It has been noted that A. flavus strains upon extended laboratory cultivation lose morphologically distinguishing characteristics, making them appear much like A. oryzae (Kurtzman, et al., 1986). Wicklow (1984) details the competitive disadvantages of A. oryzae and implies that A. flavus is the "wild" form. Kurtzman et al. (1986) ask whether the separation between toxigenic and non-toxigenic A. flavus group species occurs through ecological adaptation or chromosomal changes such as translocations or inversions.

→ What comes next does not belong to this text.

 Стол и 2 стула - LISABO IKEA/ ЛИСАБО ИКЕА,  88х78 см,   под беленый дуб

The elucidation of metabolic pathways responsible for the production of aflatoxins by A. flavus group fungi has progressed rapidly. Recently Payne (Bhatnagar, et al. 1992 and Payne, 1994) reported on the conversion of an aflatoxin non-producing strain of A. flavus to aflatoxin B1 positive using a cosmid library developed from a toxigenic A. flavus. While added metabolic precursors could not stimulate toxin production in the mutant, the addition of an appropriate cosmid carrying a <5 kb fragmentof the genome of the toxin producer converted the non-toxigenic strain to significant levels of aflatoxin production. Further work has resulted in isolation of a small segment specifying a regulatory, rather than structural, gene that affects early parts of the pathway. Probes for this regulatory gene, designated afl R, have been positive in both A. oryzae and A. sojae, even though those strains do not produce aflatoxin. In addition, Payne stated that probes for structural genes for aflatoxin production were also positive in some, but not all, A. oryzae strains examined.

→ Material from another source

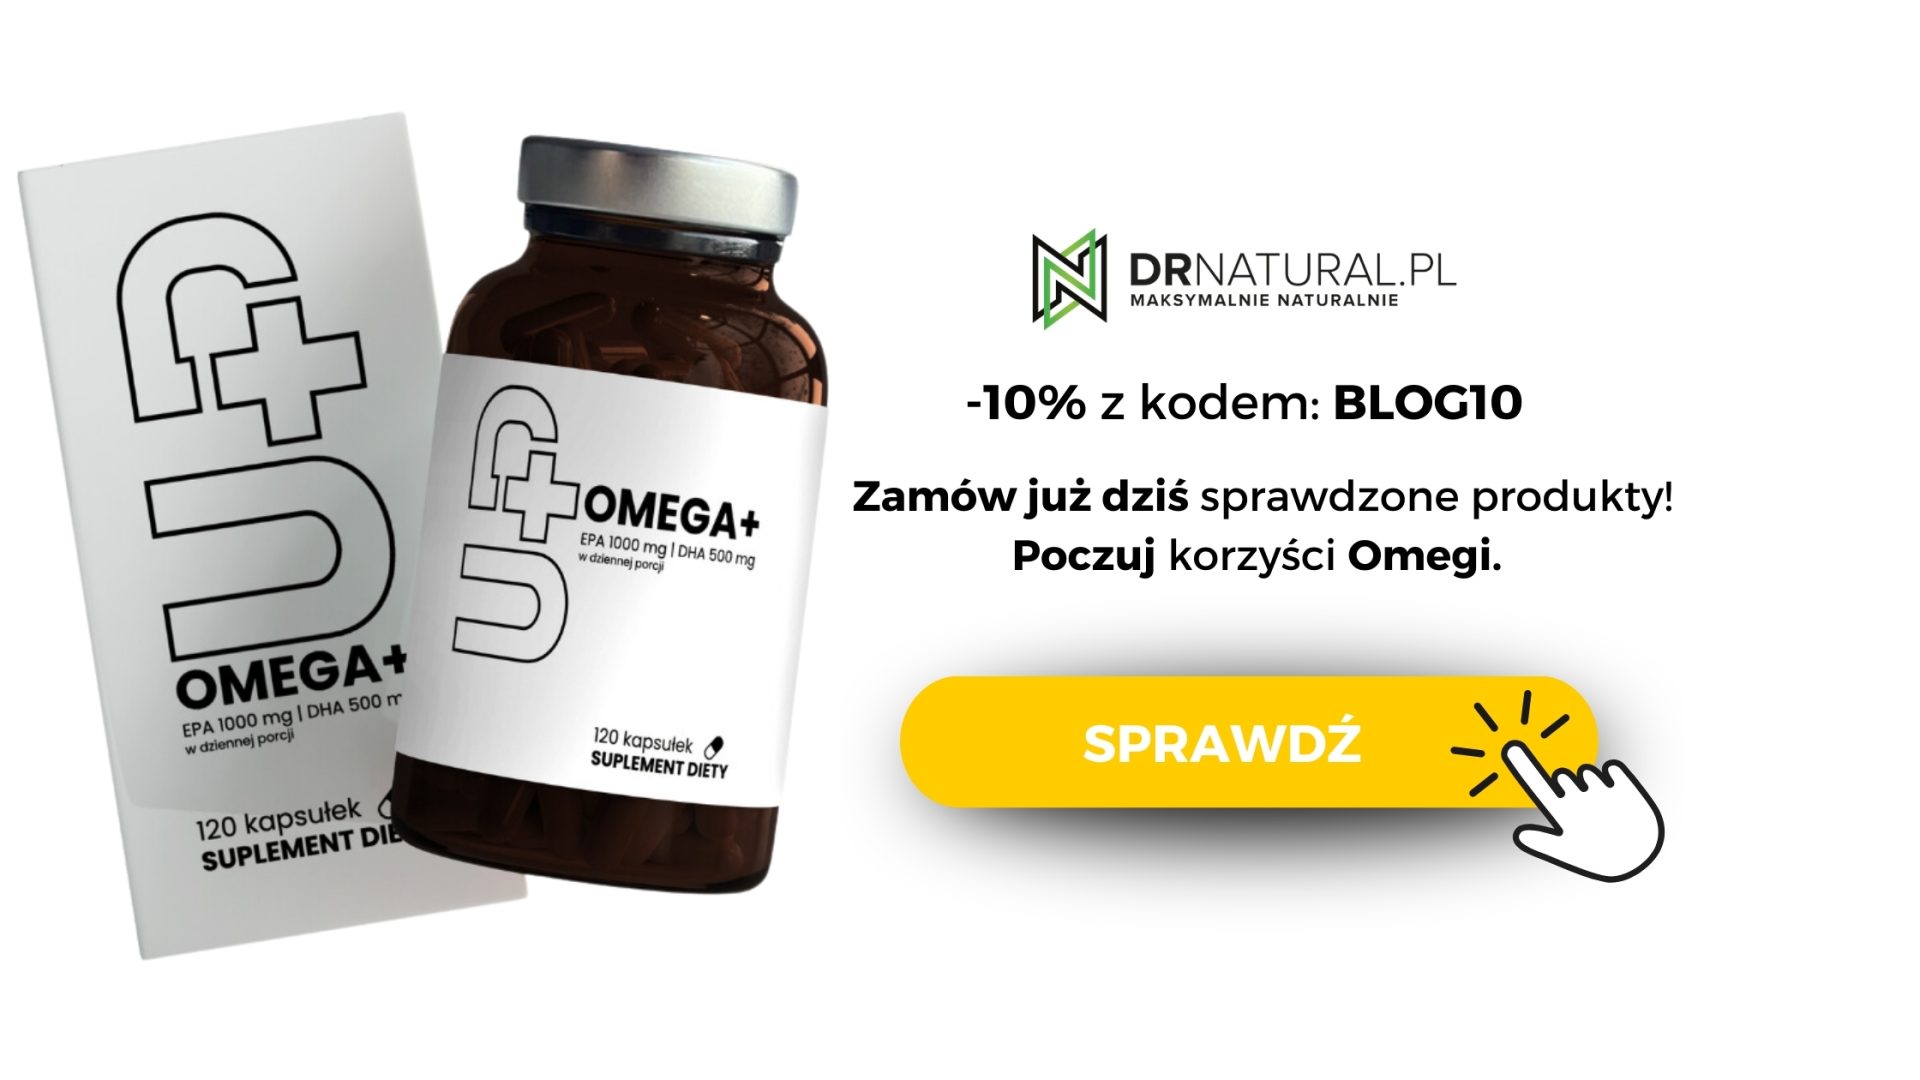 Butelka suplementu UP - Omega+, z 10% kodem rabatowym BLOG10 - zamów już dziś na drnatural.pl i poczuj korzyści Omegi. Przycisk pomarańczowy z napisem "sprawdź" i ikona klikania myszką

It appears that evidence is mounting towards multiple reasons for failure to produce aflatoxins in A. oryzae cultures. One explanation is a lack of functional regulators, specifically afl R, that activate aflatoxin production. Another is that some or all of the structural genes in the aflatoxin pathway may be non-functional. For both types of genes, those sequences could be absent or present in the wrong orientation or split by insertions or modified slightly so as to be non-functional. Except for substantial deletion or absence of the necessary sequences, all of these alternatives are potentially reversible. However, Payne indicated that he doubted that industrial strains of A. oryzae were likely to revert to aflatoxin production. He indicated that, even though probes found the presence of appropriate gene sequences, the genes so detected could easily be incomplete enough so as to be completely non-functional.

Thus, complete absence of genetic potential is not the only plausible explanation for the non-expression of characters such as aflatoxin production in A. oryzae. In a related study, researchers attempting to improve strains of a mold identified as A. oryzae used for food fermentation in Thailand acquired a toxin producing strain by simple UV mutagenesis of a known "safe" strain (Kalayanamitr, et al. 1987). The toxins produced by this strain and other toxigenic A. oryzae strains are not aflatoxins but rather other types of mycotoxins. The exact composition of the toxins involved in A. oryzae toxicosis in these studies, as in other anecdotal studies, was not determined (Semeniuk, et al., 1971; Wicklow and Dowd, 1989, and Kalayanamitr, et al., 1987). The mechanism for this conversion to toxigenicity was not investigated, but the mutations required could have affected either structural or regulatory genes and produced the new observed toxigenic phenotype.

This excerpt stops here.